I find it puzzling that so many (on the internet at least) seem to boast of being supralapsarian when the reformed standards teach infralapsarianism, and these boasts seem to come from those who pride themselves on their strict, uncompromising Calvinism. Perhaps I'm missing something, but I really do find it strange.


----------



## timfost (Oct 1, 2021)

Dort and Westminster favor sublapsarian language, but I would not say they teach it. There were notable supralapsarians in both assemblies.

Reactions: Like 3


----------



## Reformed Covenanter (Oct 1, 2021)

I essentially agree with Tim, though I have no personal position on the lapsarian question other than agreeing with R. L. Dabney's observation that the question ought never to have arisen. (Having read Reformed theology from the sources for twenty years, I have never been able to fully get my head around the issue or determine which view is correct.) Guy Richard's CPJ article on Samuel Rutherford's lapsarian position as a guide to understanding the Westminster Confession is very useful on this subject.

Reactions: Like 5


----------



## Charles Johnson (Oct 1, 2021)

timfost said:


> Dort and Westminster favor sublapsarian language, but I would not say they teach it.
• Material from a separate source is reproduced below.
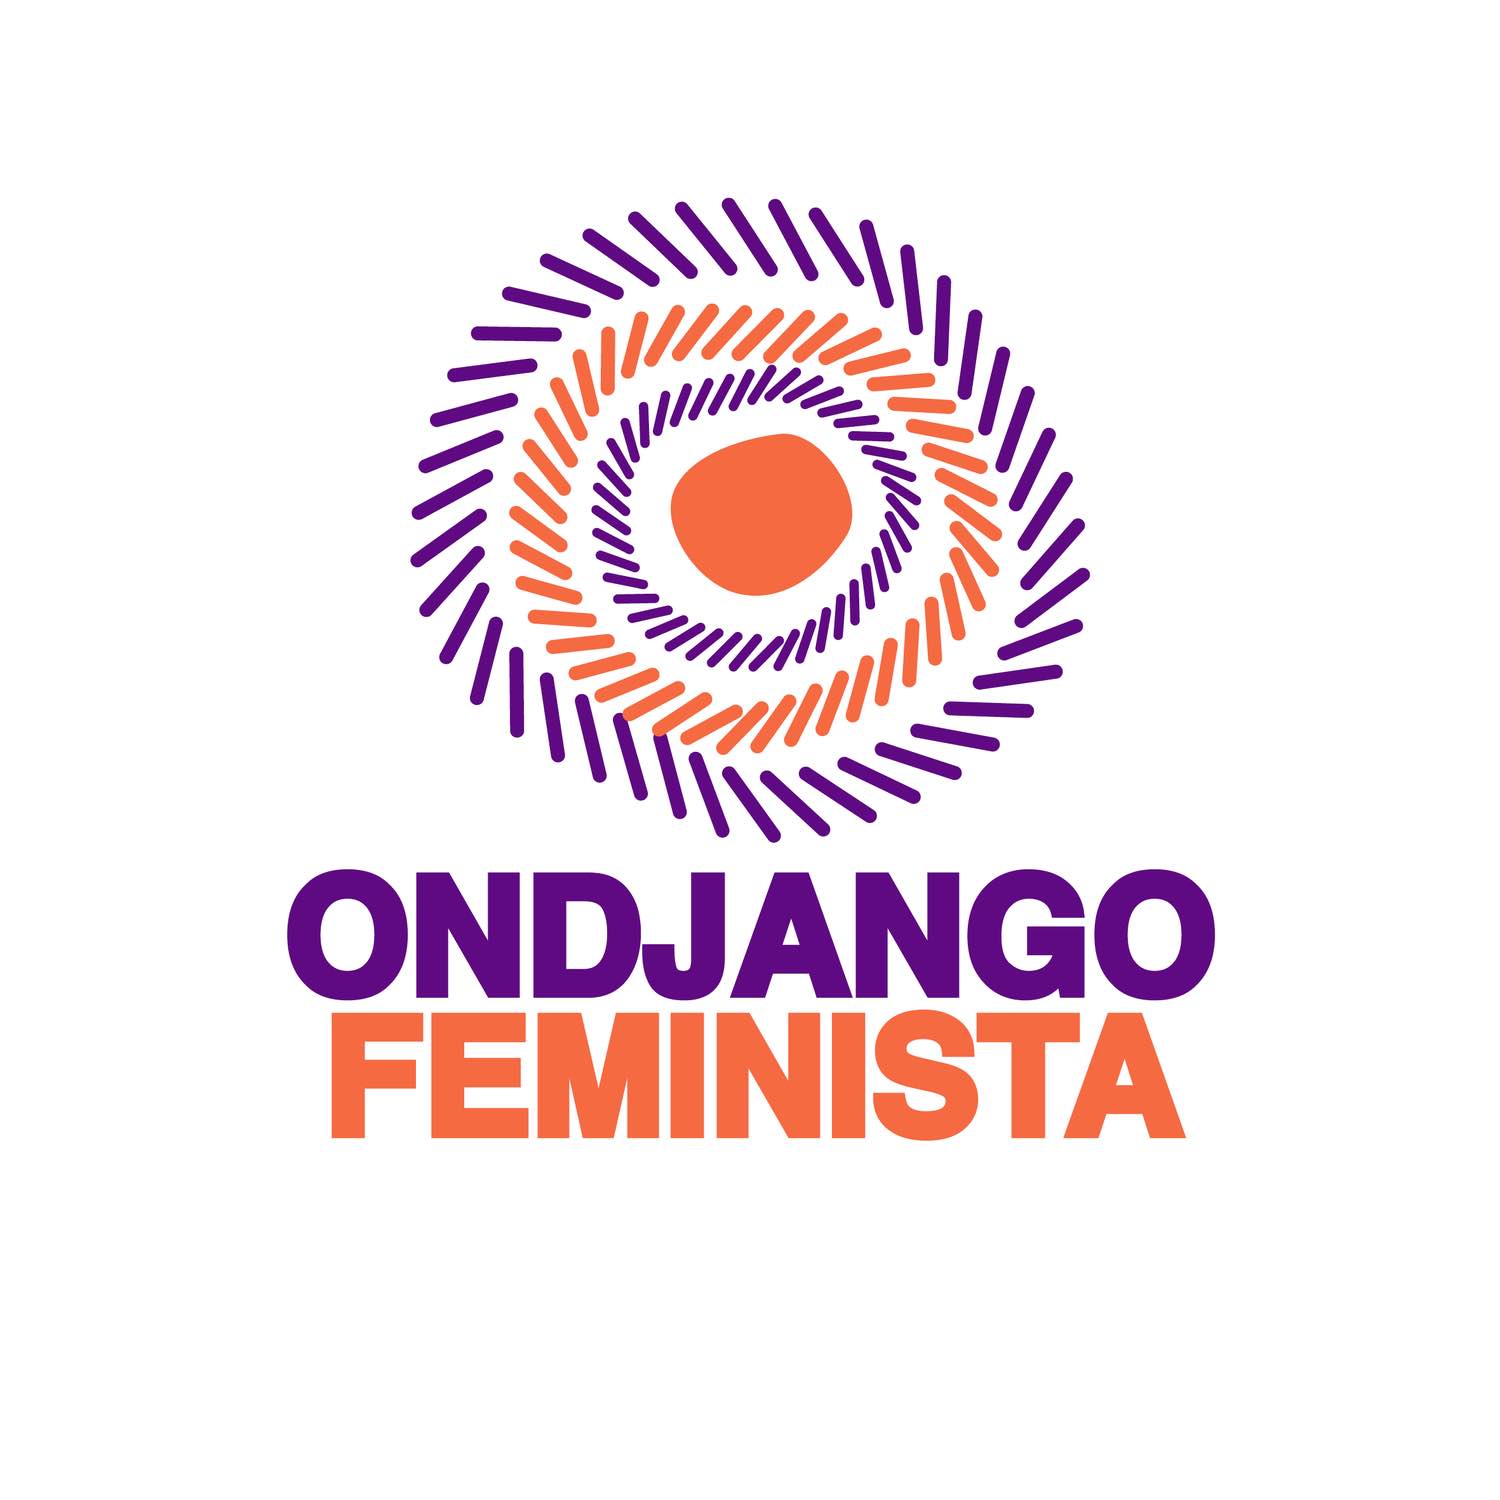 ondjango feminista angola

There were notable supralapsarians in both assemblies.


"This... involves adopting certain particular persons from among the common mass of sinners as God’s own possession."
That's not an infralapsarian statement?


----------



## earl40 (Oct 2, 2021)

Charles Johnson said:


> "This... involves adopting certain particular persons from among the common mass of sinners as God’s own possession."
> That's not an infralapsarian statement?



It could if one thinks God "decides after" He looks upon His creation....


----------



## Taylor (Oct 2, 2021)

I’ve always understood that the Reformed confessions _lean_ toward infralapsarianism, yet they don’t take a hard stance on it so as not to exclude supralapsarianism, which is surely an orthodox option.

But I agree with Dabney as well (and Bavinck): the question ought never to have been raised. Some things are simply to wonderful for us.

Reactions: Like 1


----------



## Charles Johnson (Oct 2, 2021)

What does "while we were still sinners Christ died for us" mean if not that God chose sinners to save in Christ? (Rather than the supralapsarian teaching that God chose some men, considered as neither good nor bad, to become saints, and others to become reprobates).


----------



## Taylor (Oct 2, 2021)

I’m confused about this thread. Is it asking about what the confessions communicate, or whether or not supralapsarianism is biblical?


----------



## Romans922 (Oct 2, 2021)

Perhaps, you read too much into things. There are known infra and supra theologians who were Westminster divines and at Dort.


----------



## timfost (Oct 2, 2021)

Charles Johnson said:


> "This... involves adopting certain particular persons from among the common mass of sinners as God’s own possession."
> That's not an infralapsarian statement?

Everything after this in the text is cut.